Exercise goal: Set down nothing except the lines starting at the one with "Fine Piece of" and ending at the final line of the material, each word for word.

Source material:
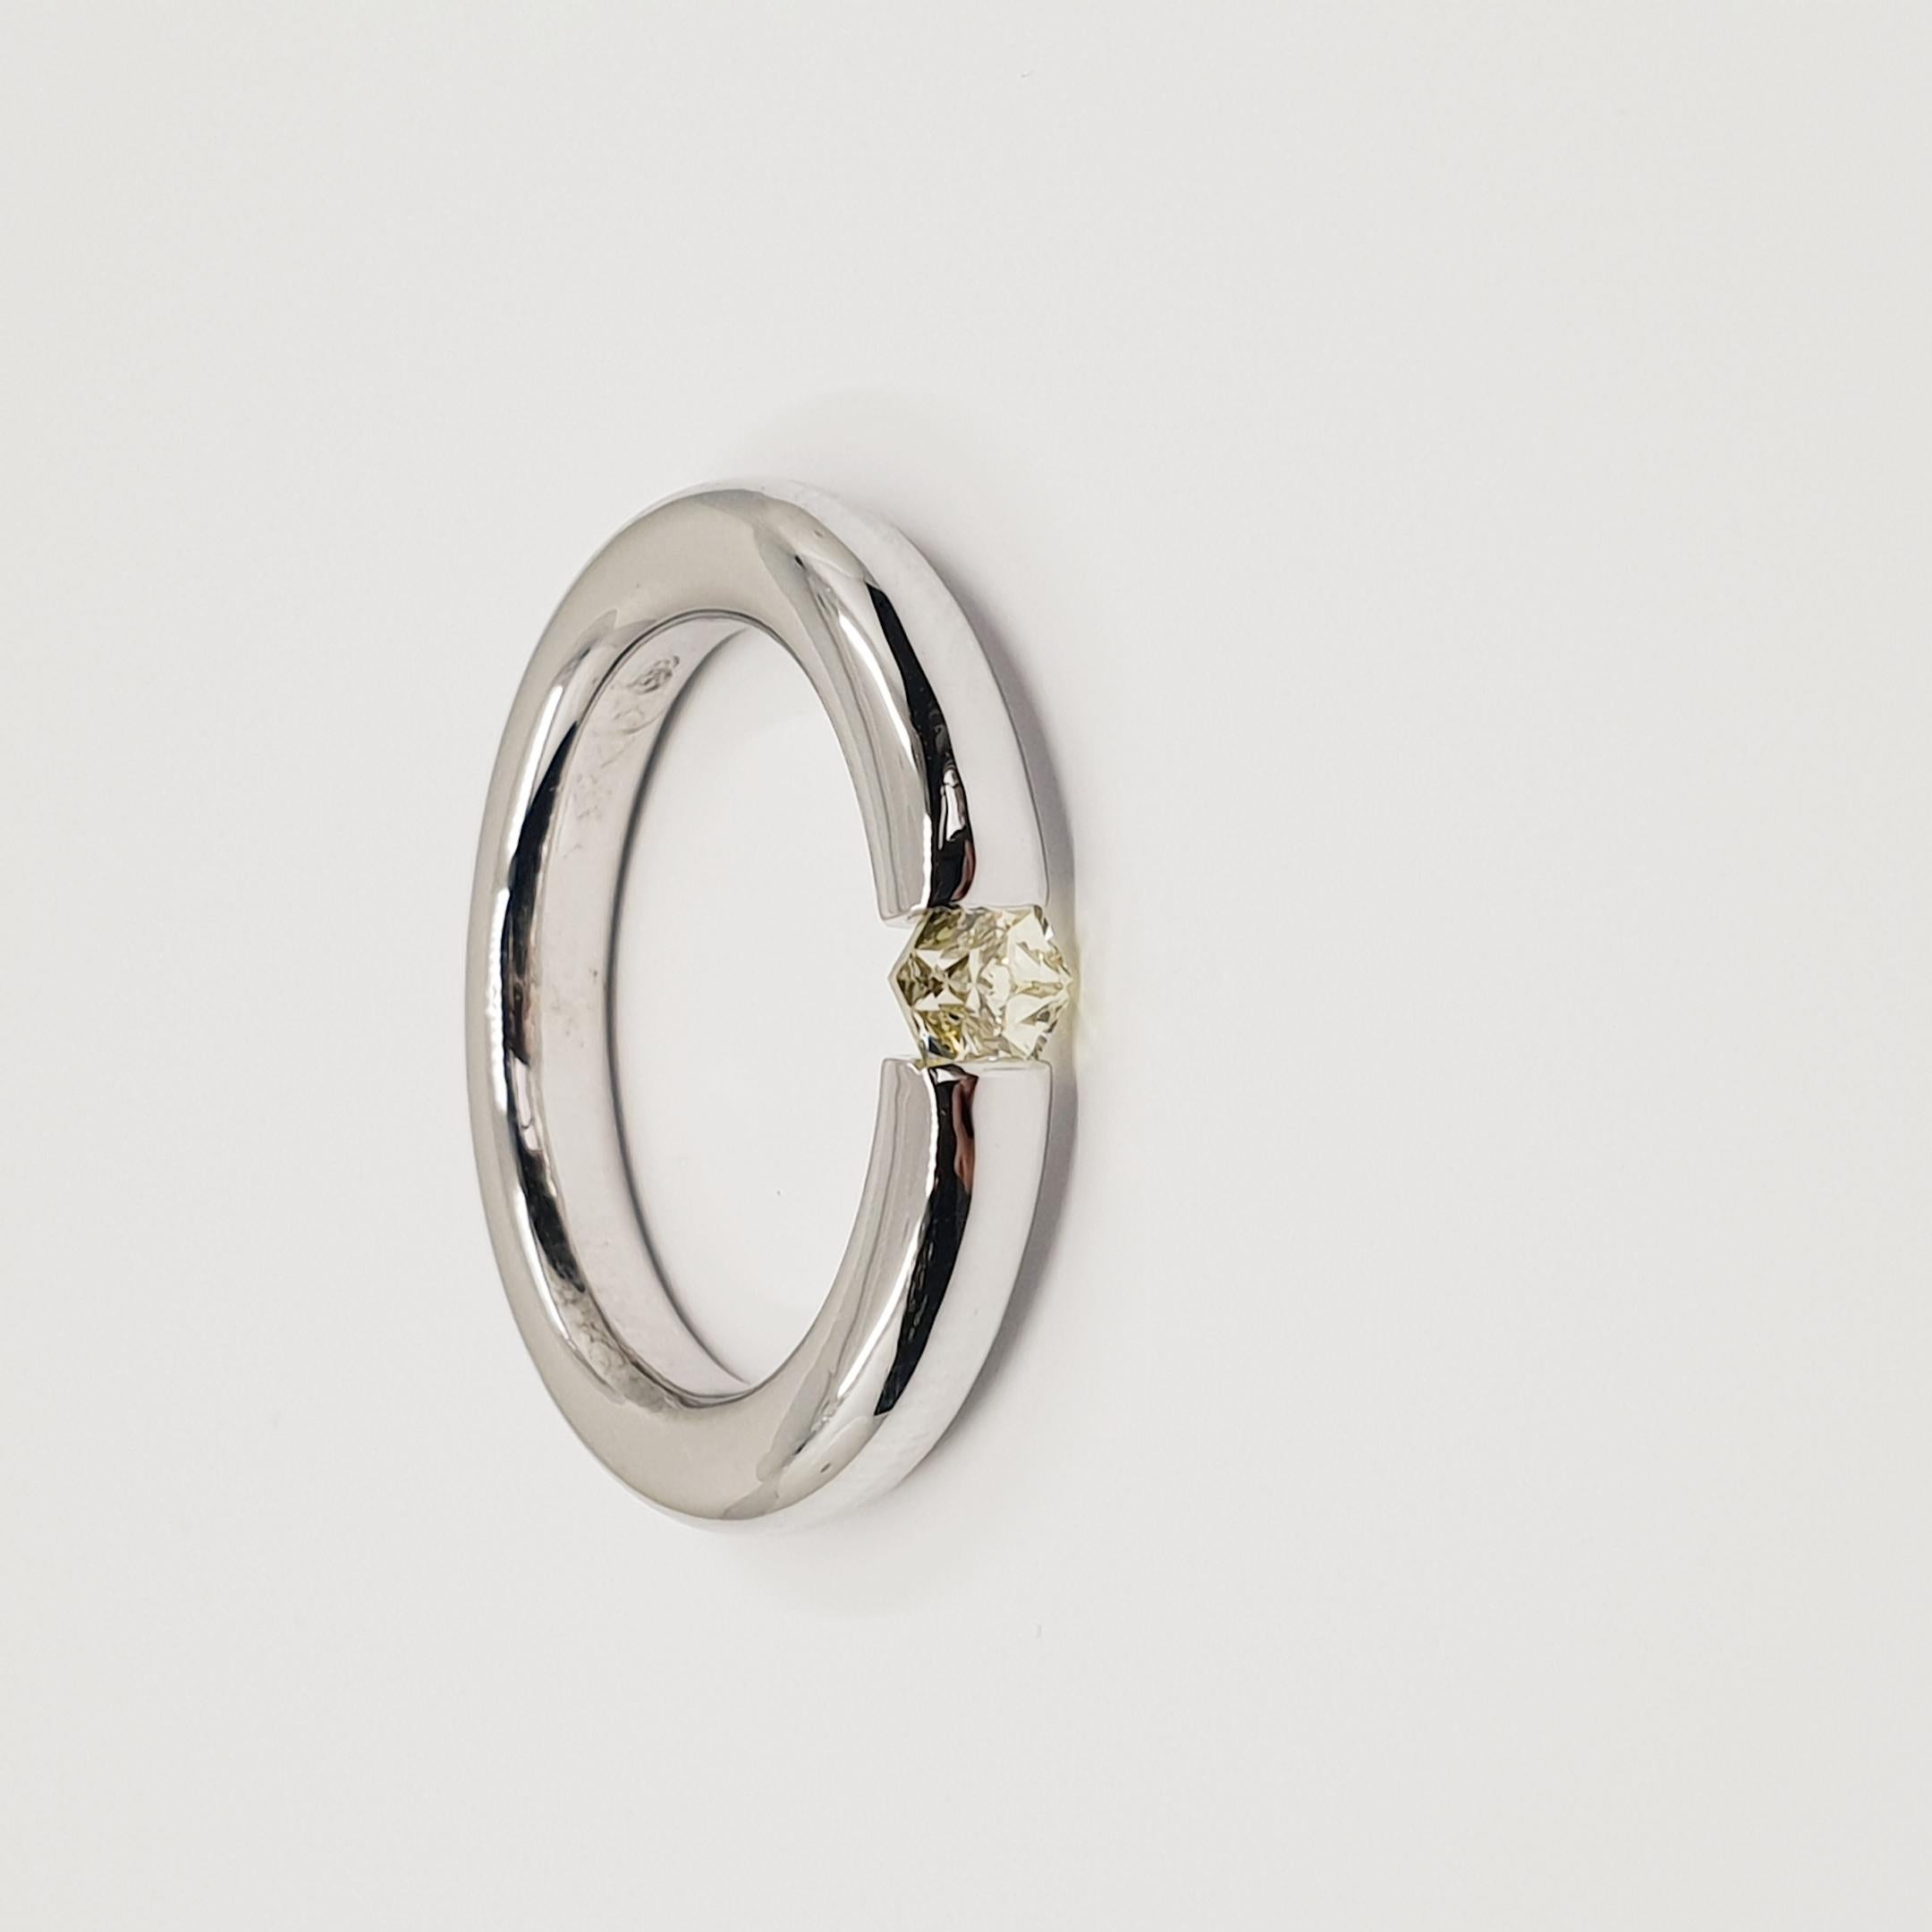 0.5 Carat Solitaire Diamond Ring F-G/VS 18k White Gold, Brilliant Cut Diamond. 
Fine Piece of High Jewelry whith a total of 0.5 Carat. 
Hand Made Tension Ring with

Your solution:
Fine Piece of High Jewelry whith a total of 0.5 Carat. 
Hand Made Tension Ring with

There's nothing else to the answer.